Transportmonopolstellung

Transport monopoly.

ProPublica.org puzzled out more information on how a company named Chesapeake Energy managed to reduce its payments to rural landowners from whom it was leasing fracking rights. One Pennsylvanian farmer saw his monthly check go down from ~$5000 to ~$500 for the same volume of gas, for example.

While there are federal laws to prevent gouging on interstate gas pipelines, this did not apply to the small feed lines Chesapeake built in rural areas which were the only ways for many landowners’ fracked gas to get to market.

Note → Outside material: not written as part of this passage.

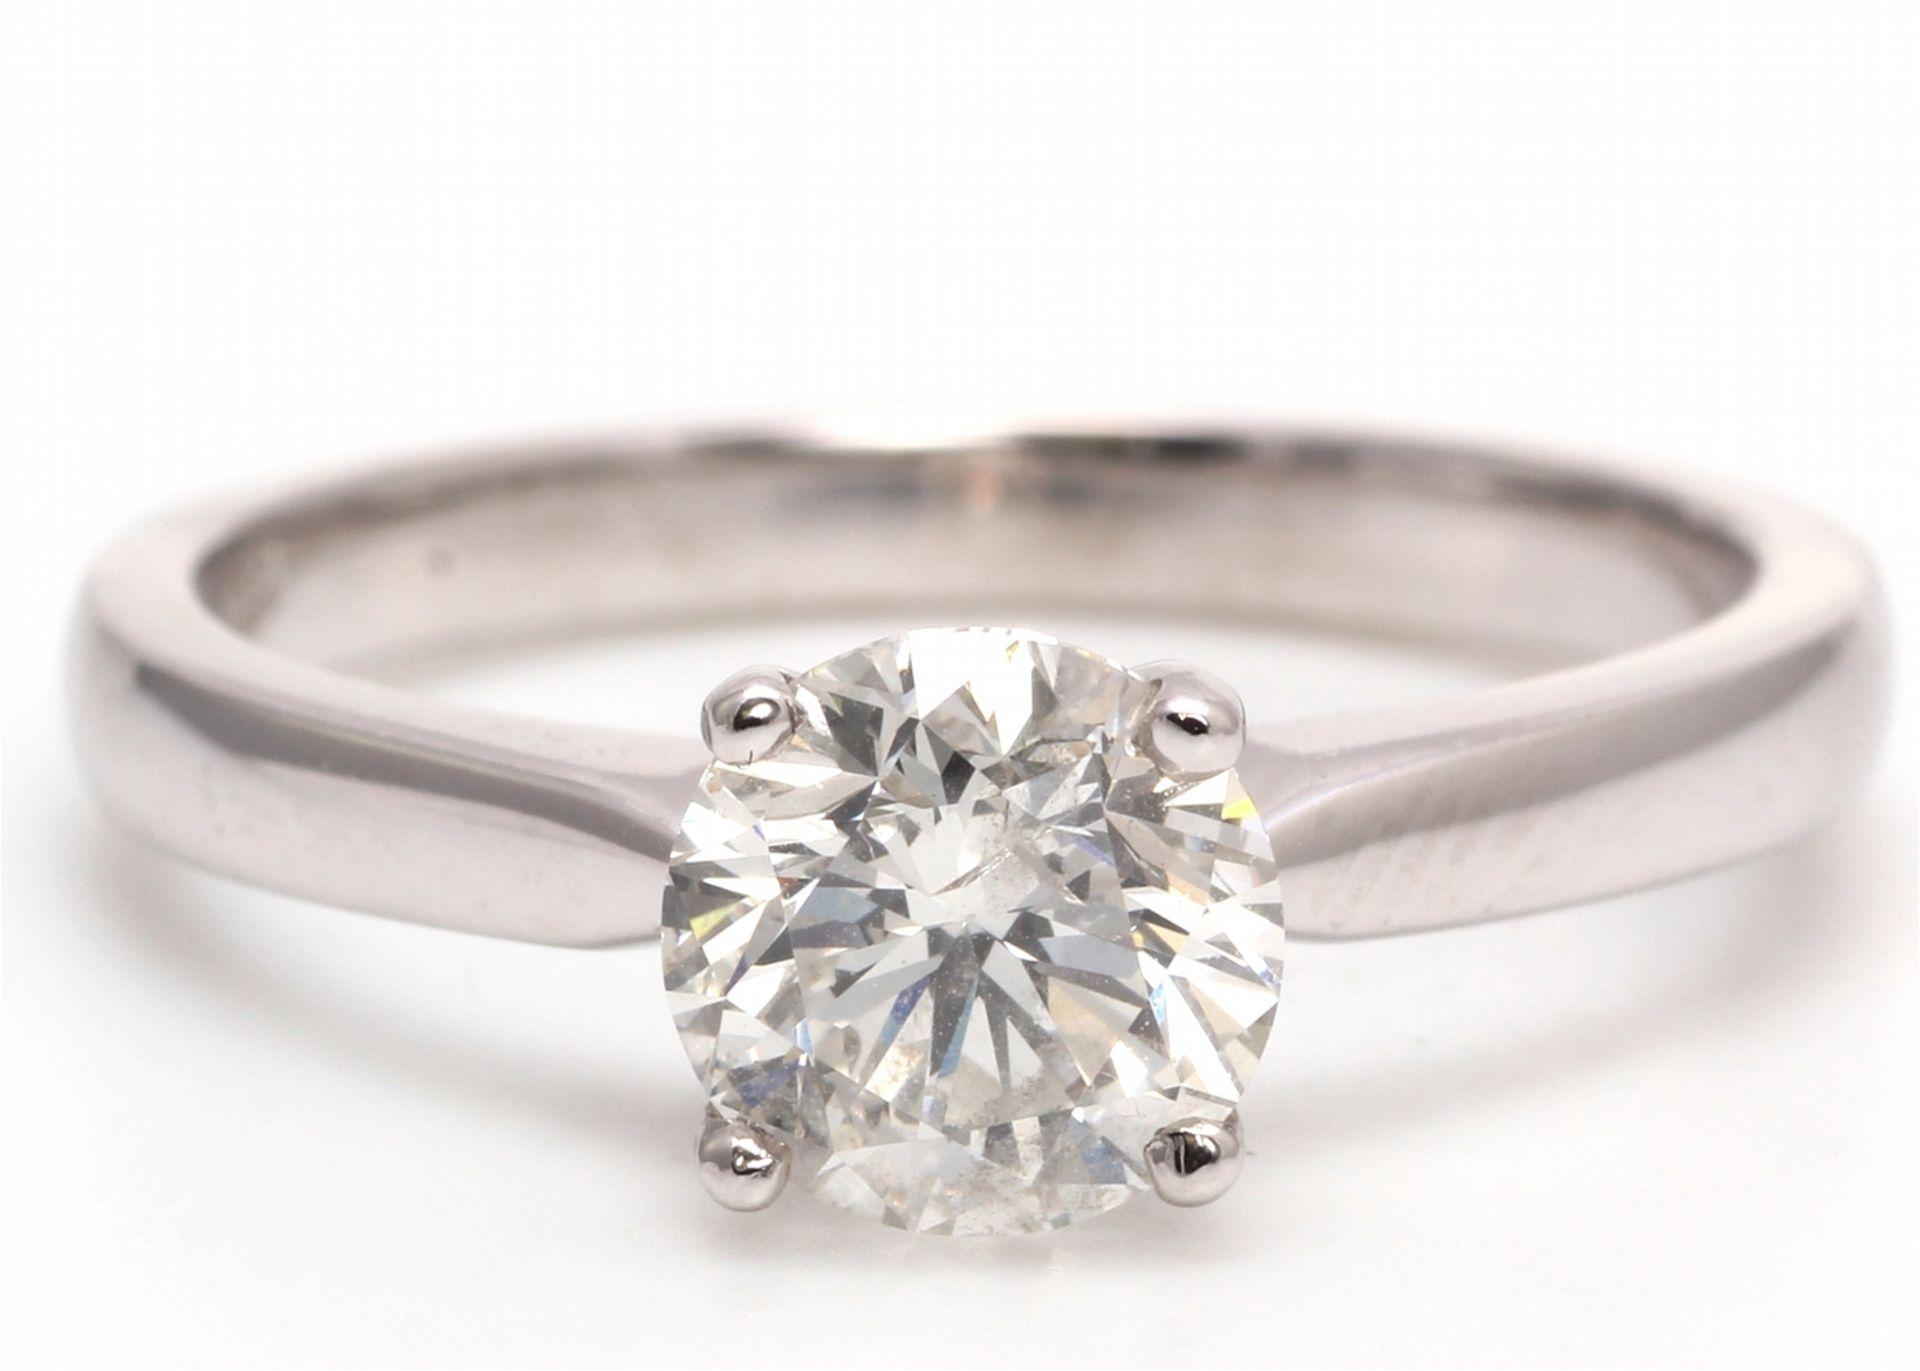 Lot 12 - 18k White Gold Single Stone Diamond Ring 1.05

In 2011, when Chesapeake Energy needed cash, they essentially created a pipeline company with those rural gas pipelines and sold it to a competitor oil firm for ~$5 billion, with the promise that Chesapeake would continue to hire its old pipelines to transport a lot of gas for the next decade and would pay the new company, Access Midstream, enough in fees to cover the ~$5 billion sale price plus 15% for their pains.

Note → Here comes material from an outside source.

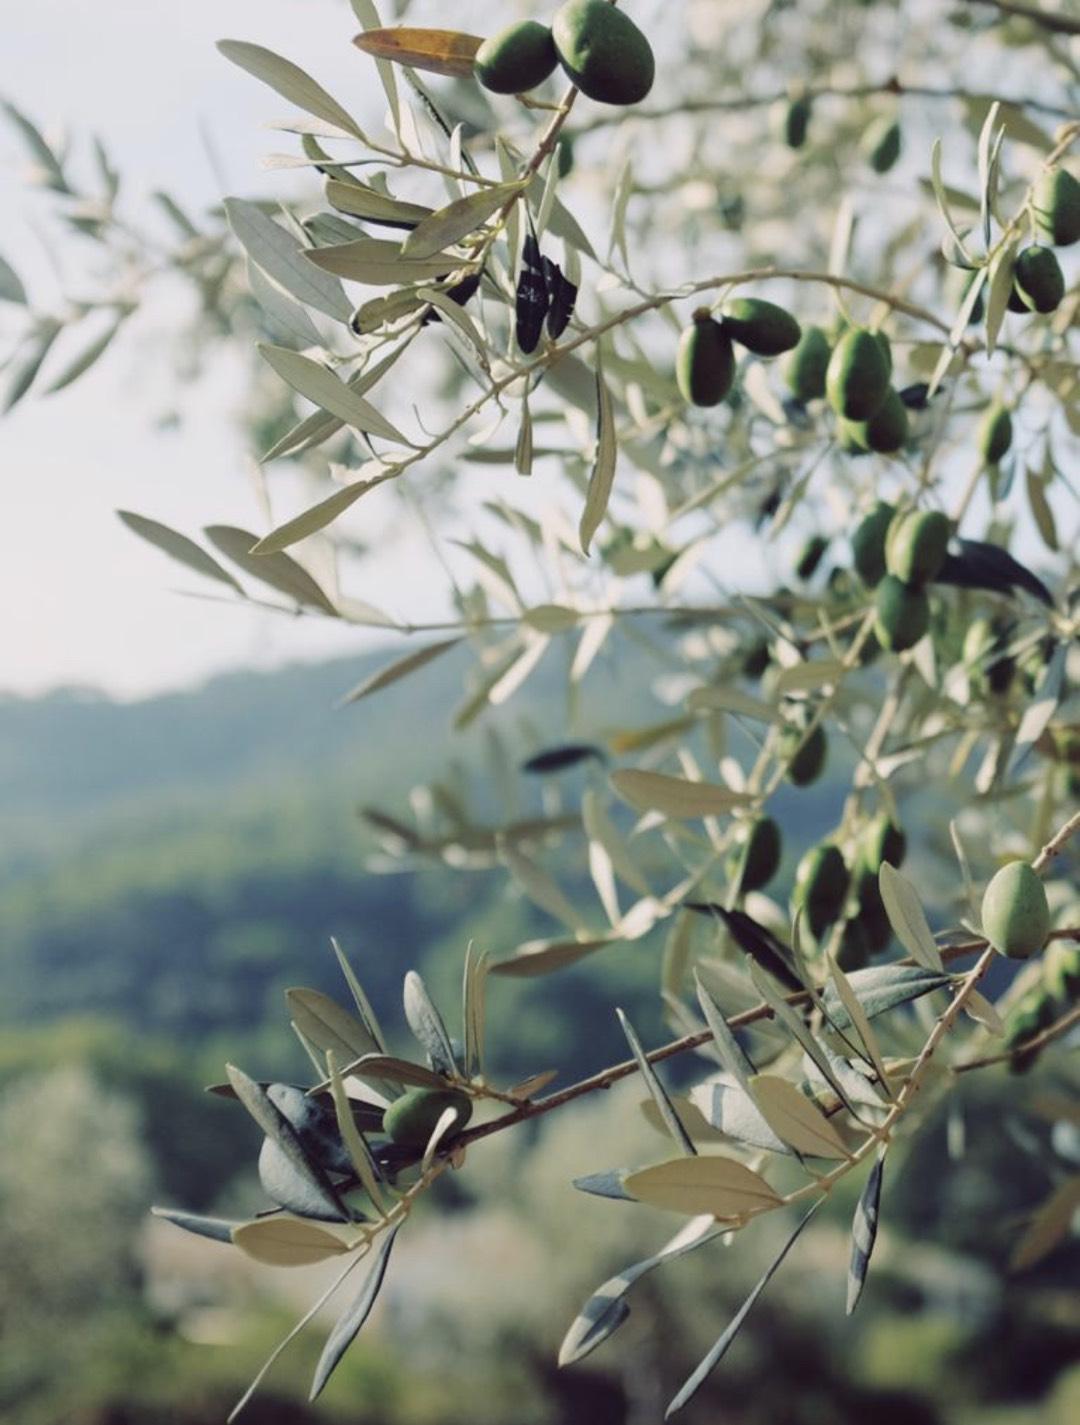 Olivenblätter als Superfood bei den Dos Alquemistas

“That much profit was possible only if Access charged Chesapeake significantly more for its services,” said ProPublica. The extra costs were billed to the landowners as expenses.

“An executive at a rival company who reviewed the deal at ProPublica’s request said it looked like Chesapeake had found a way to make the landowners pay the principal and interest on what amounts to a multi-billion loan to the company from Access Midstream.”

(Tronz POAH t mon oh POLE shtell oong.)

Brutto nicht netto

“Gross not nett,” what rural U.S. landowners should try to take their ~12.5% royalty from if signing an agreement to let oil and gas companies frack their land. Previously, landowners had to worry about drillers’ resistance to the ethical challenges arising from the fact that it’s the driller who measures and reports the yields produced. Technology is also presenting drillers with ethical challenges: it’s now possible to drill sideways underground much farther than you’d think, for example.

Now ProPublica.org has reported drillers and/or pipeline owners have been using “creative accounting” in the office to reduce how much they say they owe farmers and other rural people whose land they are fracking, from Pennsylvania to North Dakota.

For example, “But some companies deduct expenses for transporting and processing natural gas, even when leases contain clauses explicitly prohibiting such deductions. In other cases, according to court files and documents obtained by ProPublica, they withhold money without explanation for other, unauthorized expenses, and without telling landowners that the money is being withheld. … In Oklahoma, Chesapeake deducted marketing fees from payments to a landowner – a joint owner in the well – even though the fees went to its own subsidiary[.]” The companies have also sold the product to subsidiaries at artificially low prices on which they paid farmers’ royalties, then resold at the higher market value.

Natural gas is apparently priced by volume, yet in pipelines it can be compressed and subjected to other processes the drillers and transporters call “proprietary” and won’t describe. Ownership of pipelines is not only becoming obscure, it’s a new field for innovative financial trading: Transport pipelines are being sold off to multiple third parties. Fracking rights purchased from farmers are being divided up and sold off to other companies in dribs, drabs and perhaps even tranches. One of the more “cutthroat” drillers has also been found to consistently report getting lower sale prices for its harvested gas on the market than e.g. the Norwegian partner firm Statoil selling similar products in the same markets at the same time.

A fierce debate is raging in Germany about whether to allow fracking to harvest its “Schiefergas,” shale gas or slate gas.